The intent of these expungement statutes is to allow the person whose record is expunged, as to a particular conviction, to state that he or she had not been so convicted on “any applications for employment, licenses or permits, on in any other instances or situation in which civil rights or privileges are involved.” See, in this regard, Ark. Stat. Ann. 43-1233, 43-2344, and 43-2833.

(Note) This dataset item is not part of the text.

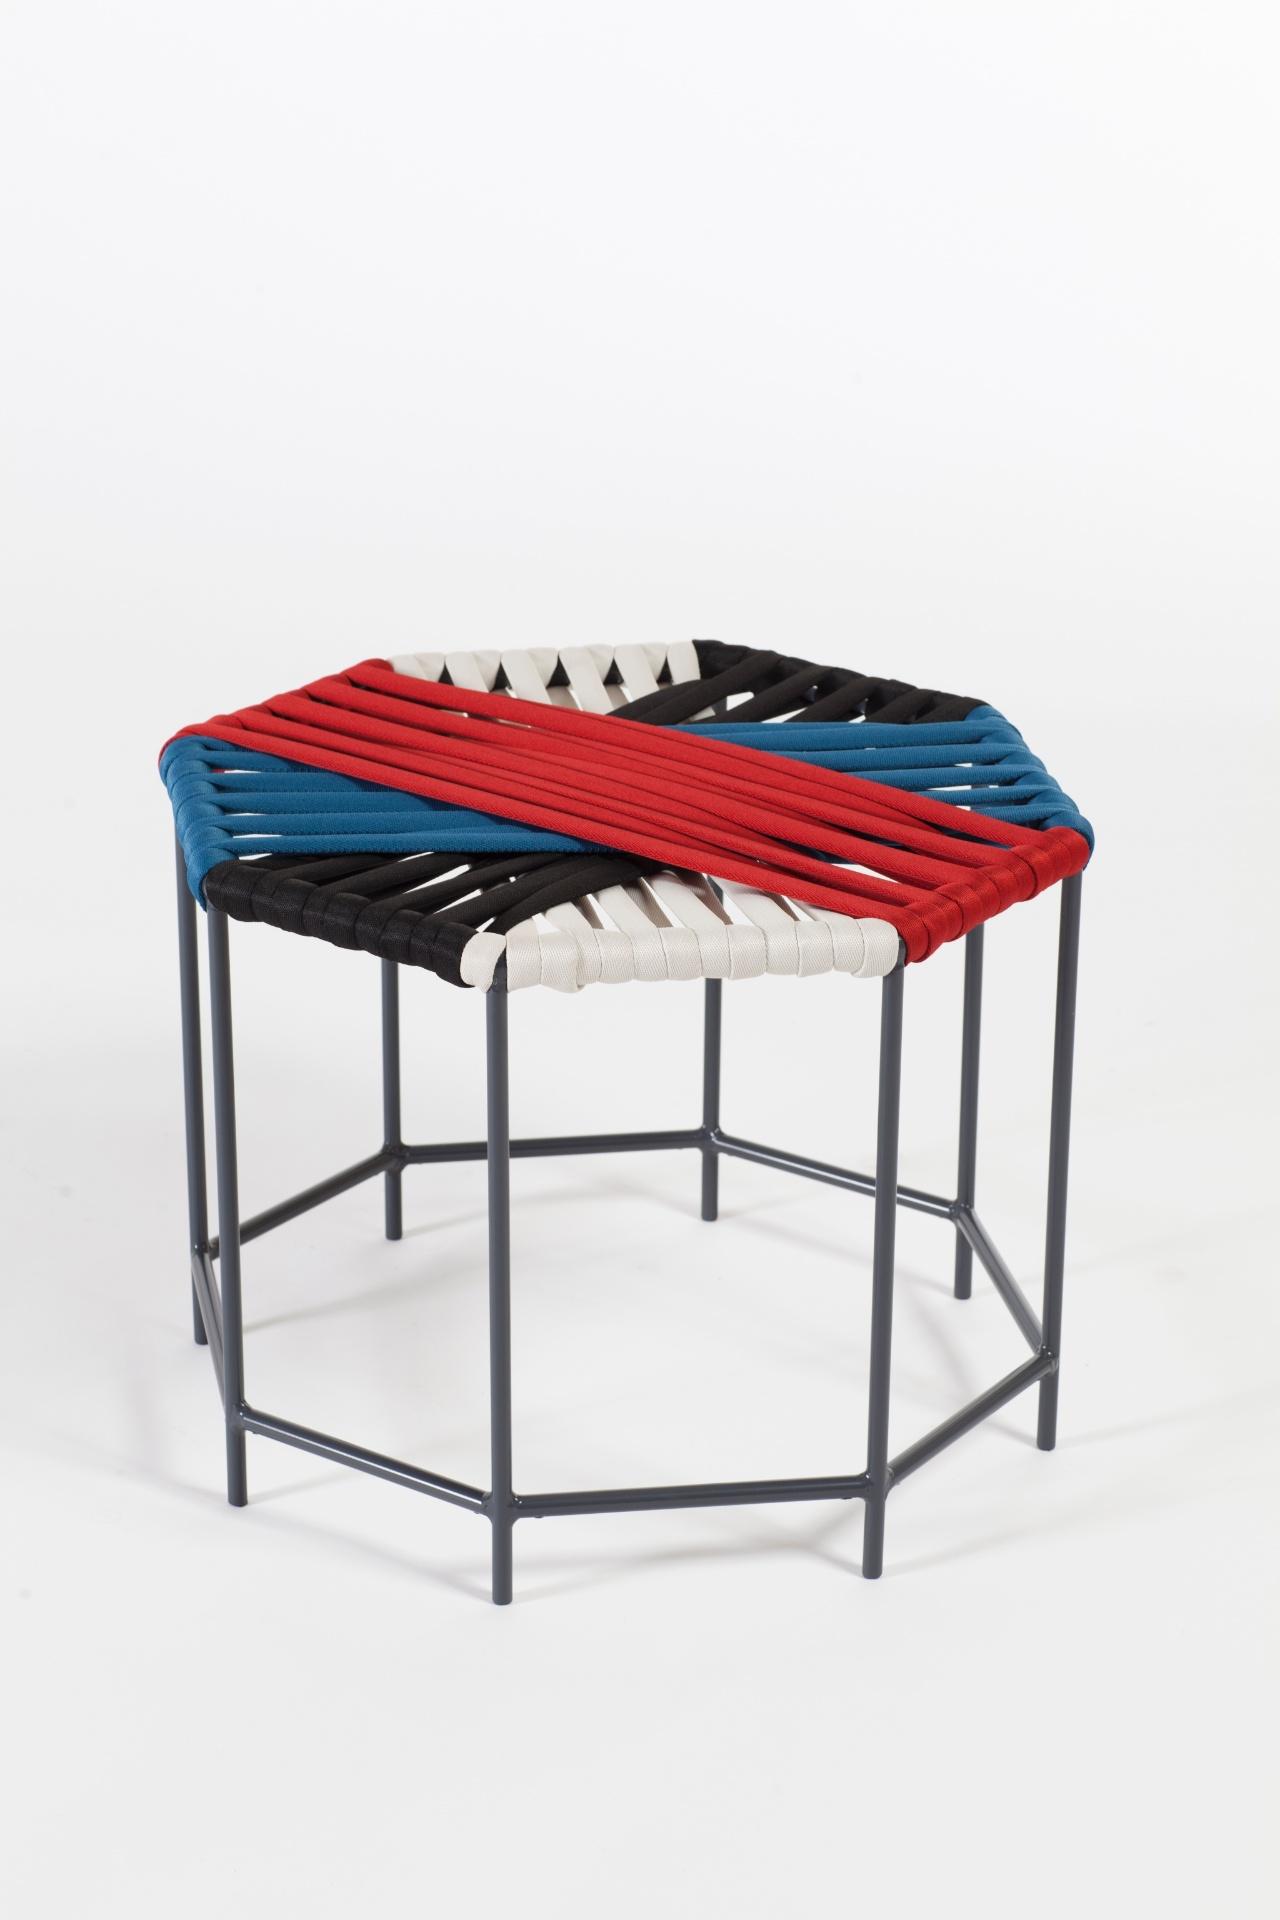 Com tramas compostas por cordas náuticas, a banqueta B089 tem base tubular em alumínio pintado. O móvel é vendido na Estar Móveis (www.estarmoveis.com.br) e mede 53 cm por 53 cm por 38 cm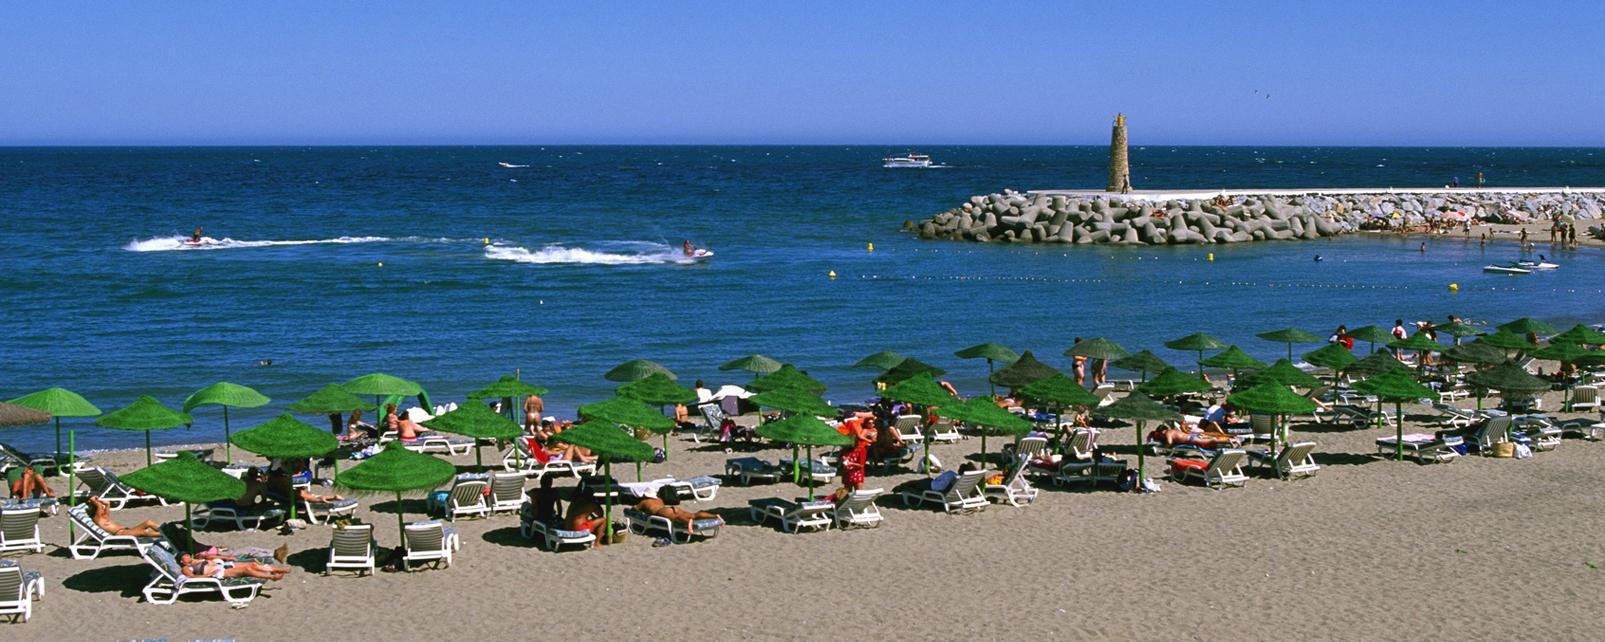 Fiesta en la costa santafesina p8 3

It is our opinion, then, that expungement of records does not include physical destruction of the records, further expungement would not allow the name of the offender to be obliterated or blotted out. Such action would essentially render the records useless. Clearly the legislature, providing that the records may be used by law enforcement and judicial officials and in providing a penalty for divulging this information to other than law enforcement and judicial officials, anticipated and intended future use of the records should the need arise. Obviously if the records are destroyed or have been rendered useless this section of the . . . . [remainder of sentence obliterated]

As to your second and third questions, under the language of these same Statutes it would be our opinion that the juvenile referee and the county judge do not have the authority to physically destroy expunged records nor may they order law enforcement agencies to destroy their records. The specific prohibition against physical destruction of records applies to law enforcement agencies as well as judicial officials.

I would also point out that the juvenile code provides specific directions regarding fingerprints and photographs under Ark. Stat. Ann. 45-419 (Pocket Supp. 1979). “. . . A juvenile shall not be photographed or fingerprinted by any law enforcement agency unless he has been taken into custody for a violation of the law. Copies of a juveniles’ fingerprints or photograph shall be made available only to other law enforcement agencies and to the juvenile court. Each law enforcement unit in the State shall keep a separate file of photographs and fingerprints of juveniles, it being the intention that such photographs and fingerprints not be kept in the same file with those of adults. Provided, however, that in any case where the juvenile is found not to have committed the alleged violation of law, the juvenile court may order any law enforcement agency to return all pictures and fingerprints to the juvenile court and shall order the law enforcement unit that took the juvenile into custody to make the arrest record with the notation “found not to have committed the alleged offense.” (Emphasis supplied)

It is our opinion then that the term “expunge” does not include physical destruction or obliteration of juvenile court records. Further, the juvenile court may not order destruction of either its own records or the records of law enforcement agencies. These “expunged” records are sealed, sequestered, and treated with confidentiality.

We would add, even though the Juvenile Code does not specifically so state that the juvenile whose juvenile court adjudication has been expunged, would not have to so state on any applications for employment, licenses or permits, or in any other instance or situation in which civil rights or privileges are involved.

The foregoing opinion, which I hereby approve, was prepared by Assistant Attorney General Mary Davies Scott.